Rappelons la problématique et l’hypothèse de ce travail : Dans quelle mesure les lésions périnéales, et l’aide apportée par les professionnels à leur propos, influencent-t- elles la reprise de la sexualité de la femme dans les mois suivant l’accouchement ?

• Les lésions traumatiques de l’accouchement ont une incidence négative sur la vie de la femme et la reprise de la sexualité dans le post-partum.

• Certaines lésions périnéales compliquent plus la reprise de la sexualité.

• Les femmes manquent de compréhension au sujet de leur corps et de la sexualité.

1. 1 Dans quelle mesure les lésions périnéales influencent-t-elles la reprise de la sexualité de la femme dans les mois suivant l’accouchement ?

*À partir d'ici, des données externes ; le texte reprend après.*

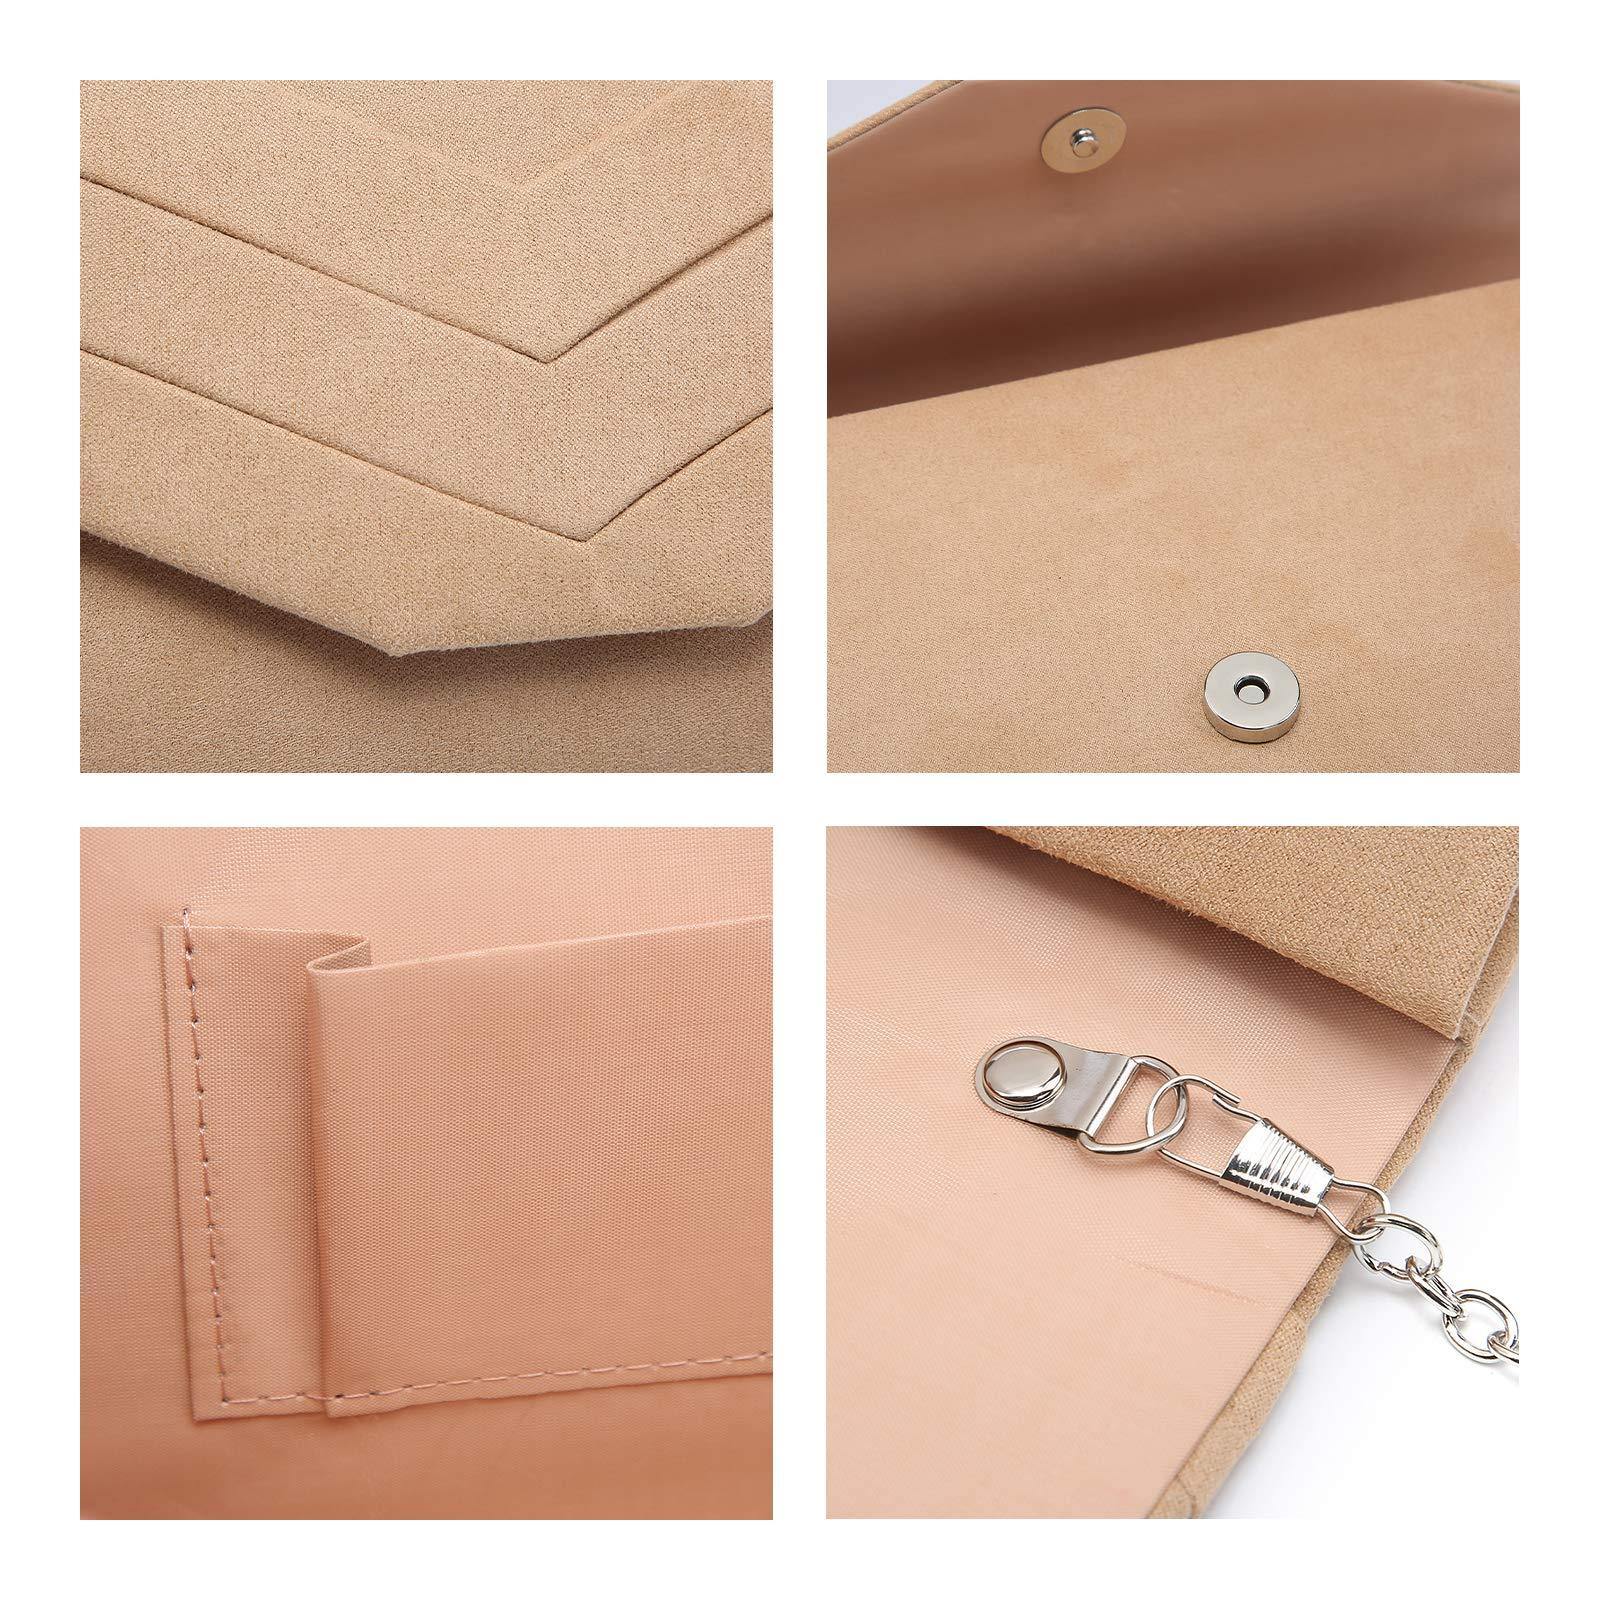 TINDTOP Clutch Purses for Women, Formal Evening Clutch Bags Shoulder Envelope Party Handbags Wedding Cocktail Prom Clutches

Au cours de ces entretiens, nous avons relevé que la grande majorité des femmes ont utilisé des termes négatifs pour décrire leurs sensations périnéales dans le post- partum. A propos des douleurs périnéales dans le post-partum, il ne nous est pas apparu de corrélation entre un type de lésions, ou de sutures, et leurs conséquences sur le ressenti des patientes. Cependant, dans notre population, toutes les déchirures du deuxième degré et 2/3 des épisiotomies ont été cause d’hypersensibilité au moment de la reprise de la sexualité.

Une étude réalisée au Canada, sur une cohorte de patientes, a cherché à déterminer la fréquence des douleurs en fonction du type de lésion périnéale. Au cours de l’enquête, les douleurs étaient plus basse pour les patientes ayant eu un périnée

intact, par rapport à celles avec une déchirure du premier ou second degré. En revanche, elle était plus intense pour celles ayant eu une épisiotomie. Les douleurs ont diminué proportionnellement dans le temps. (26)

Nous avons relevé que les lésions périnéales pouvaient être à l’origine de désagréments dans des gestes du quotidien, comme la miction ou la position assise, forçant les femmes à ajuster leur façon de faire.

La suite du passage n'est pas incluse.